What is required:
A word-for-word copy of the data is what's wanted, with no pictures.

Dataset excerpt:
------------------------------------------------------------------------
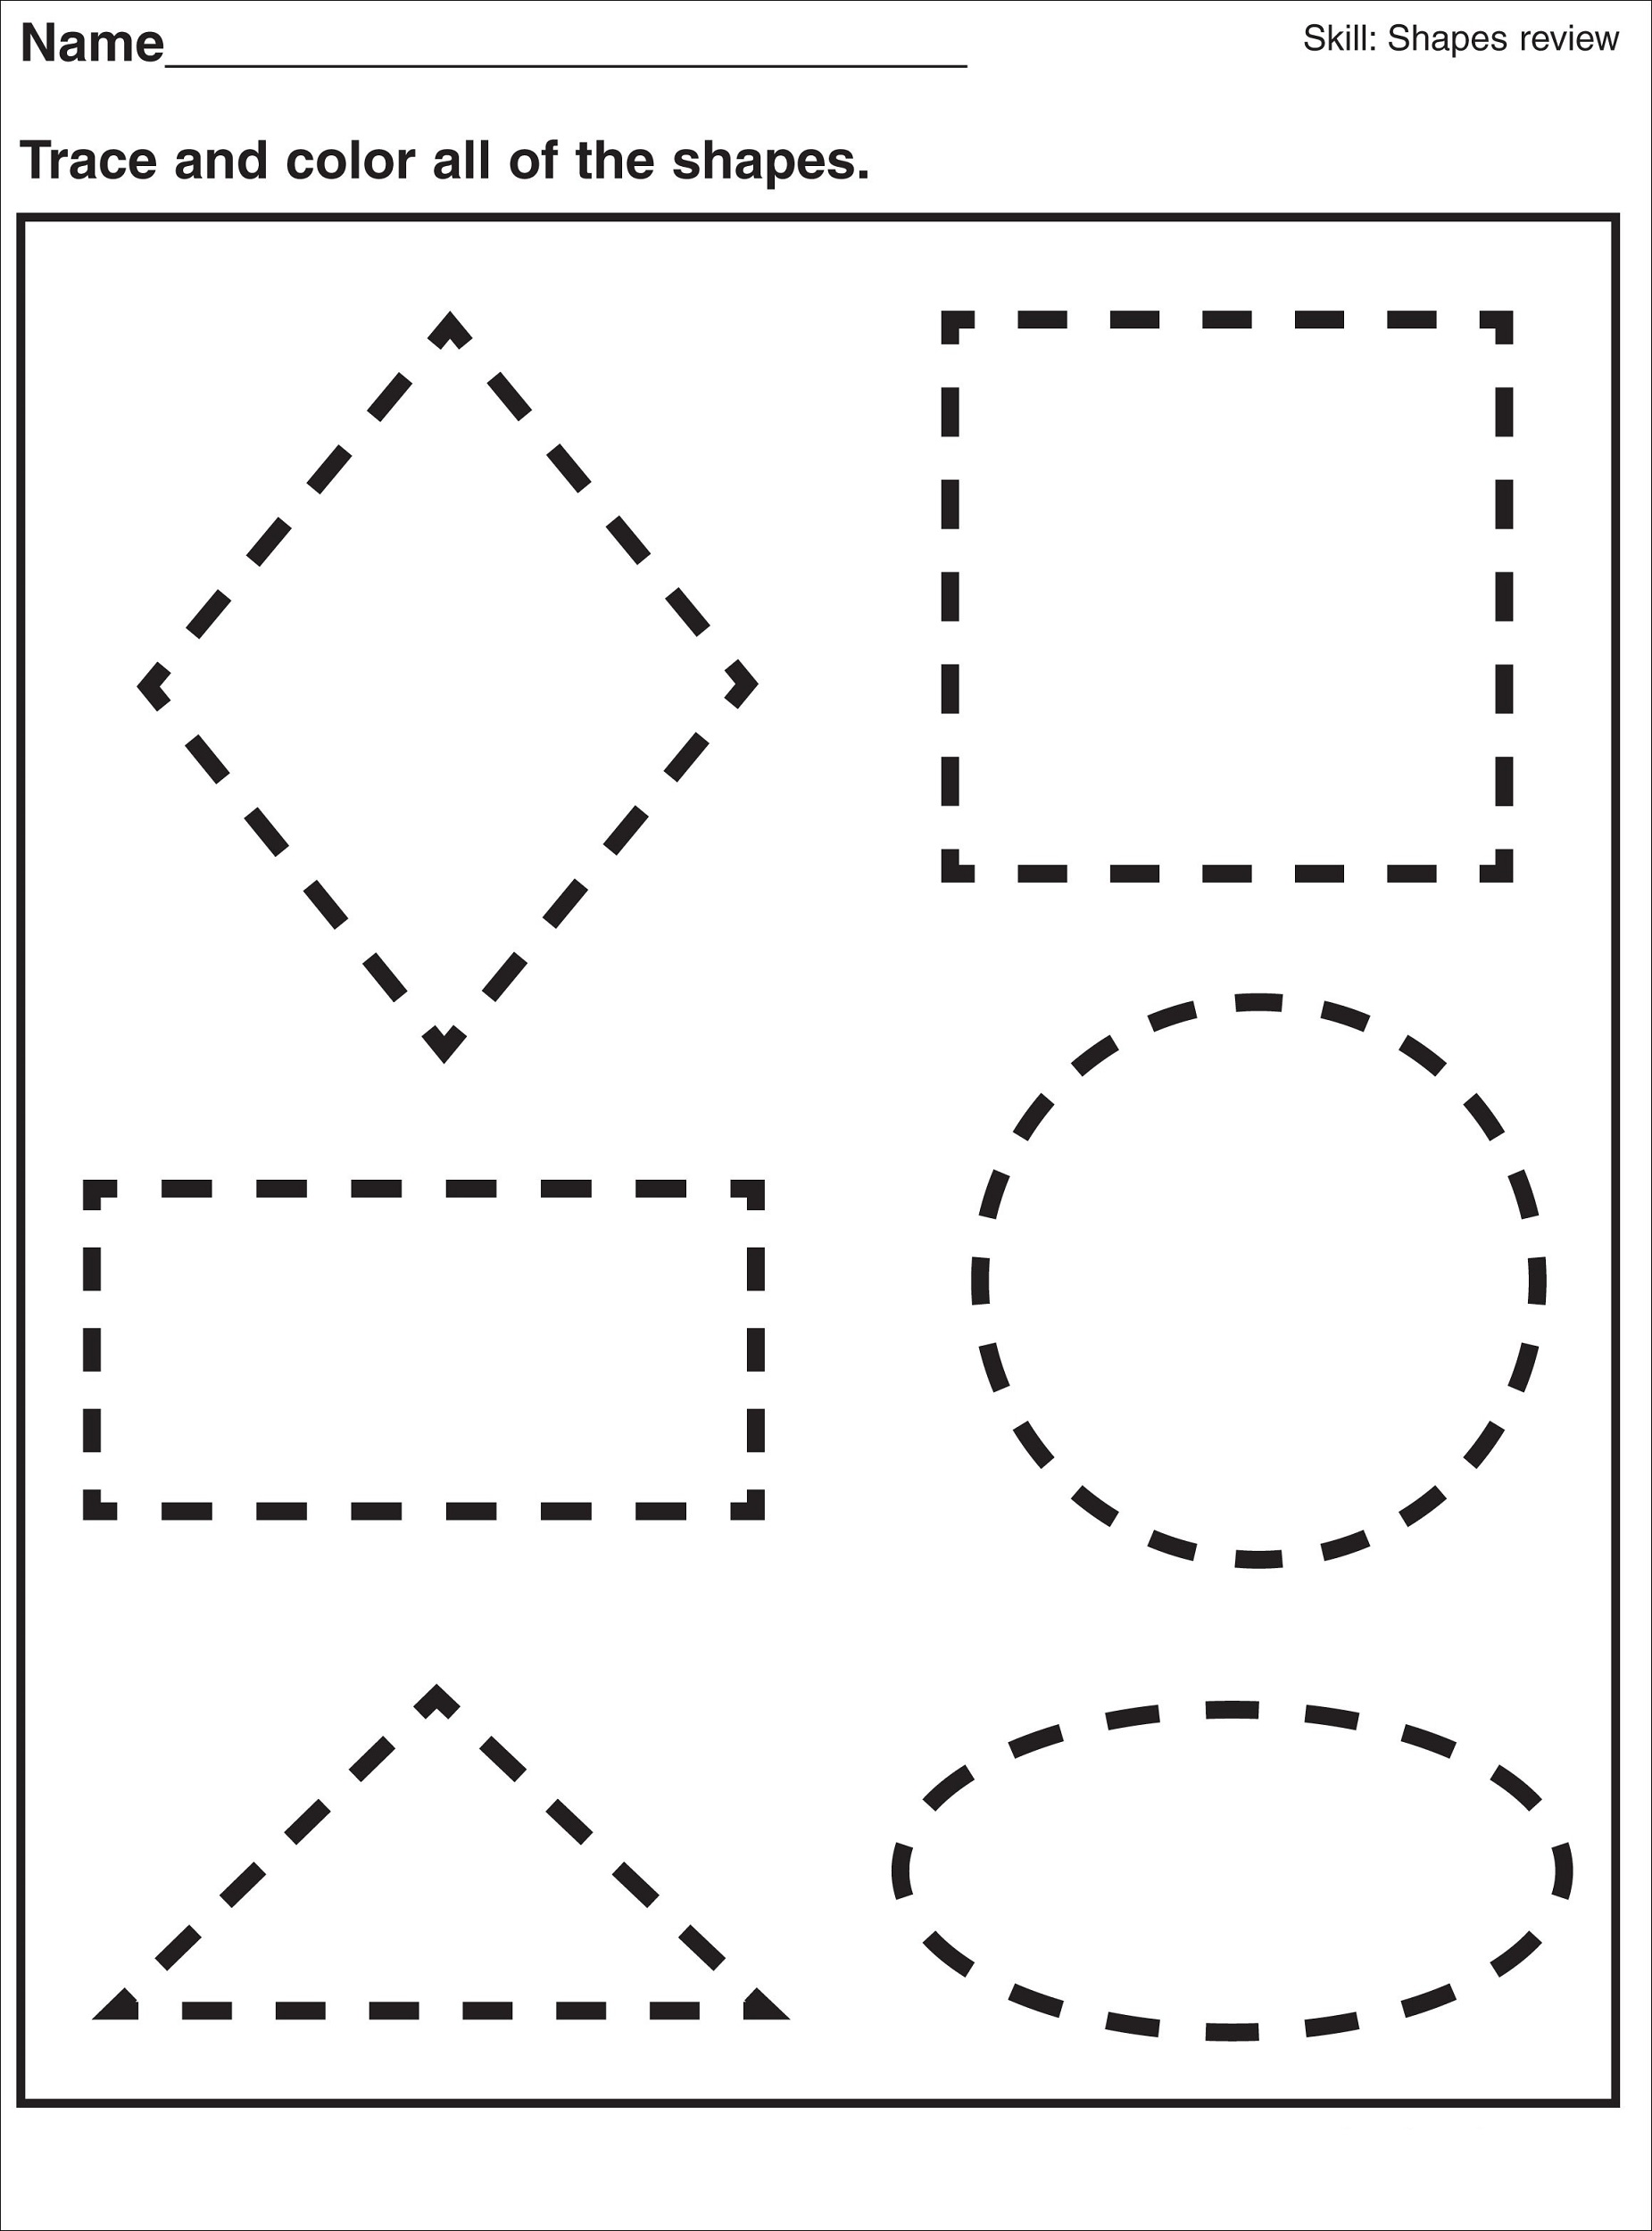 shapes-preschool-worksheet-tracing-worksheets-preschool-kids
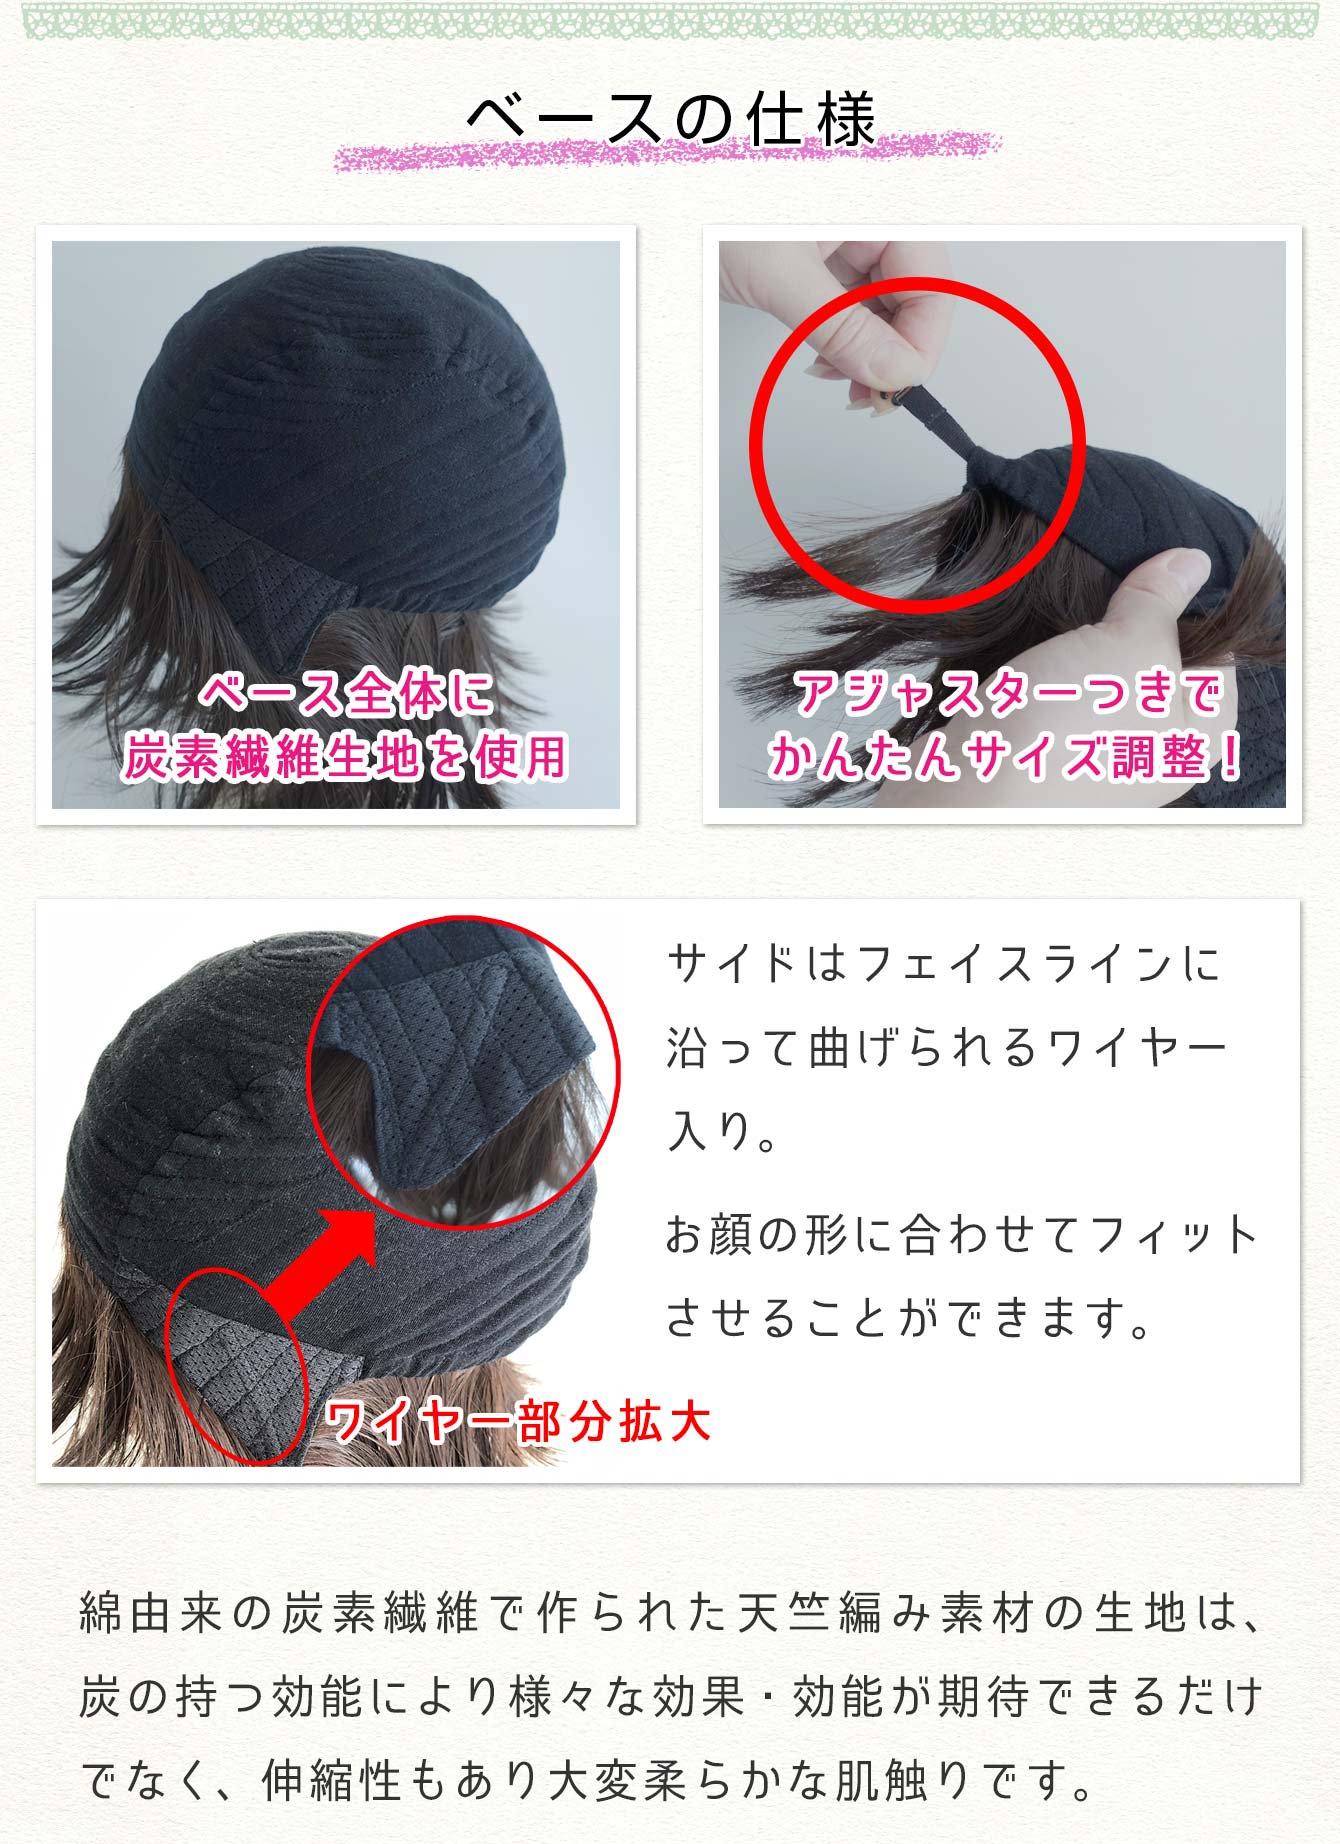 [楽らくウィッグ -帽子感覚-] ベースの仕様・綿由来の炭素繊維で作られた天竺編み素材を使用
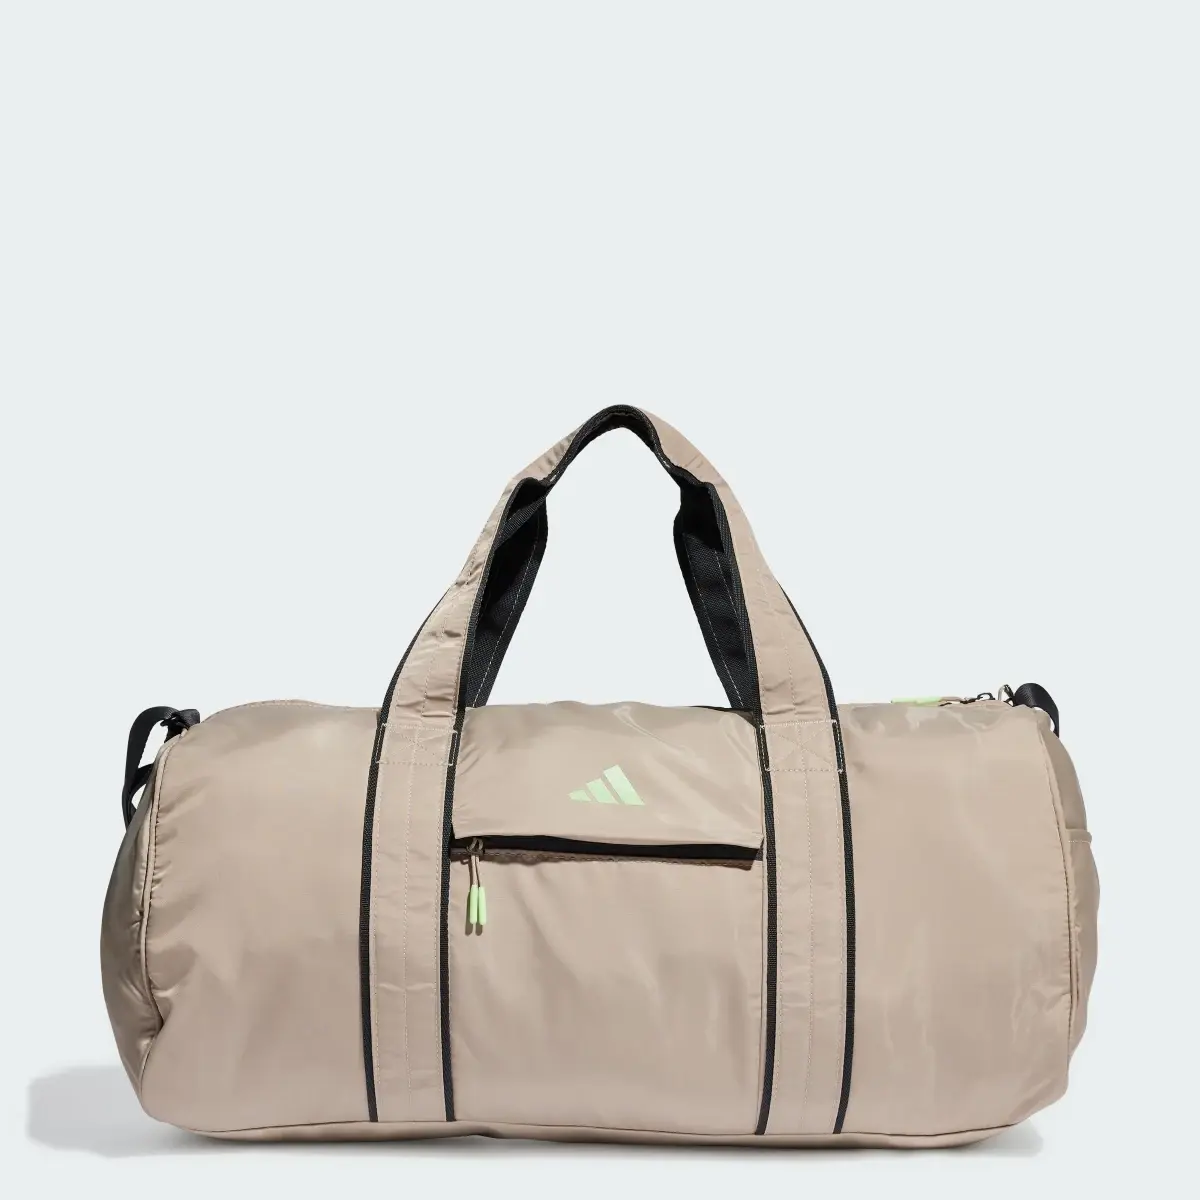 Adidas Yoga Duffel Bag. 1
------------------------------------------------------------------------
Solution for this problem:
 shapes-preschool-worksheet-tracing-worksheets-preschool-kids
 [楽らくウィッグ -帽子感覚-] ベースの仕様・綿由来の炭素繊維で作られた天竺編み素材を使用
 Adidas Yoga Duffel Bag. 1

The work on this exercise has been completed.